Data source contains irreconcilable identities

Amazon Q Business requires all users to authenticate with an enterprise-approved identity provider (IdP). After successful authentication, Amazon Q Business uses the IdP-provided user identifier to match against the user identifier fetched from the data source during ACL crawling. This process validates user access to content before retrieving it for query responses.

However, because of legacy issues such as mergers and acquisitions, data source configuration limitations, or other constraints, the primary user identifier from the IdP might differ from the one in the data source. This discrepancy can prevent Amazon Q Business from retrieving relevant content from the index and answering user queries effectively.

In such cases, it might be necessary to disable ACL crawling and use alternative options. These include implementing attribute filters or building dedicated restricted applications with access limited to specific audiences and content. For more information on attribute filters, see Filtering chat responses using document attributes.

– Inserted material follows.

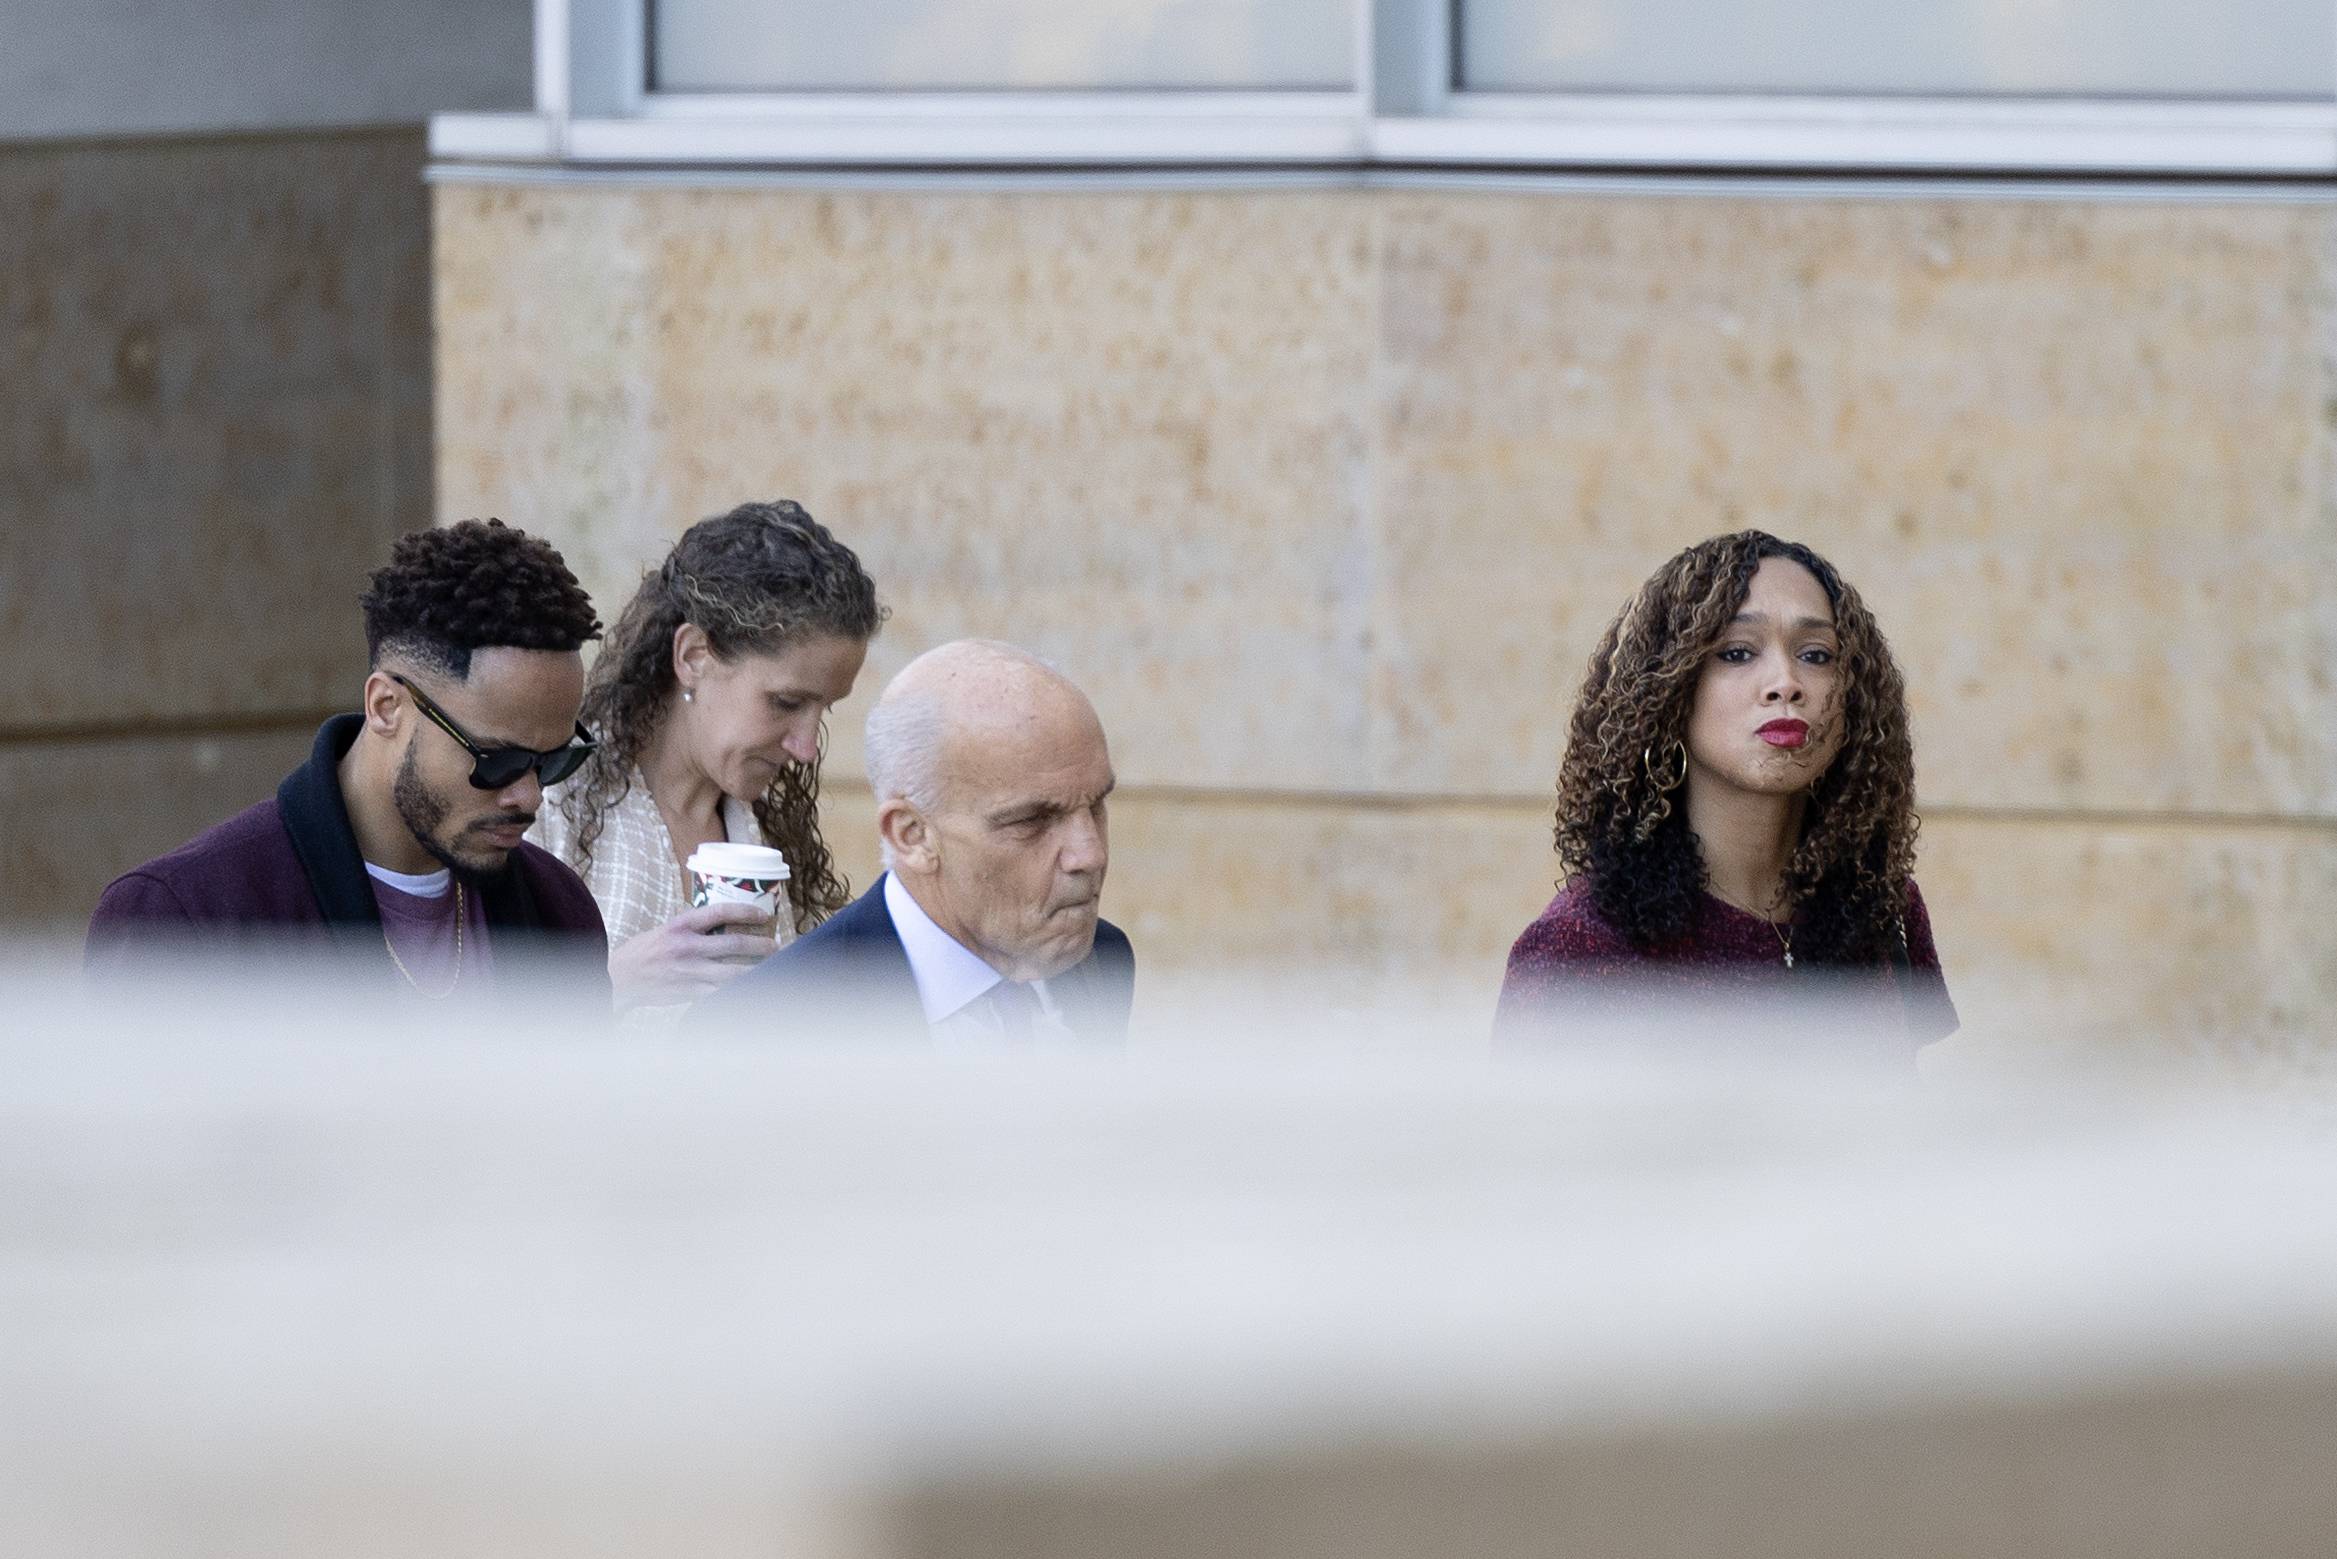 At right: Former Baltimore State’s Attorney Marilyn Mosby arrives at U.S. District Court in Greenbelt, Maryland, on Wednesday, November 8, 2023. Mosby weighed in on testifying following Tuesday’s proceedings during her federal perjury trial.

Use case-driven targeted deployments

As a fully managed service, Amazon Q Business can be quickly deployed in multiple instances for scoped down targeted use cases. Examples include an HR bot in Slack or an AI assistant for customer support agents in a contact center. Because these AI assistants might be deployed for a limited audience, and the indexed content might be generally available to all users with application access, ACL crawling can be turned off.

Note of caution

Amazon Q Business cannot enforce access controls if ACL crawling is disabled. When ACL crawling is disabled for a data source, indexed content in that source will be considered accessible to users with access to the Amazon Q Business application. Therefore, disabling ACL crawling should be done with caution and due diligence. The following are some recommended best practices:

  • Notify data source content owners and administrators of your intent to disable ACL crawling and obtain their approval beforehand.
  • If applicable, consider implementing alternative options such as attribute filtering to restrict content retrieval or deploying a scoped-down, use-case-driven deployment to a limited audience.
  • Maintain a decision document that clearly articulates the reasons for disabling ACL crawling, the scope of affected content, and precautions taken to prevent indexing of sensitive information.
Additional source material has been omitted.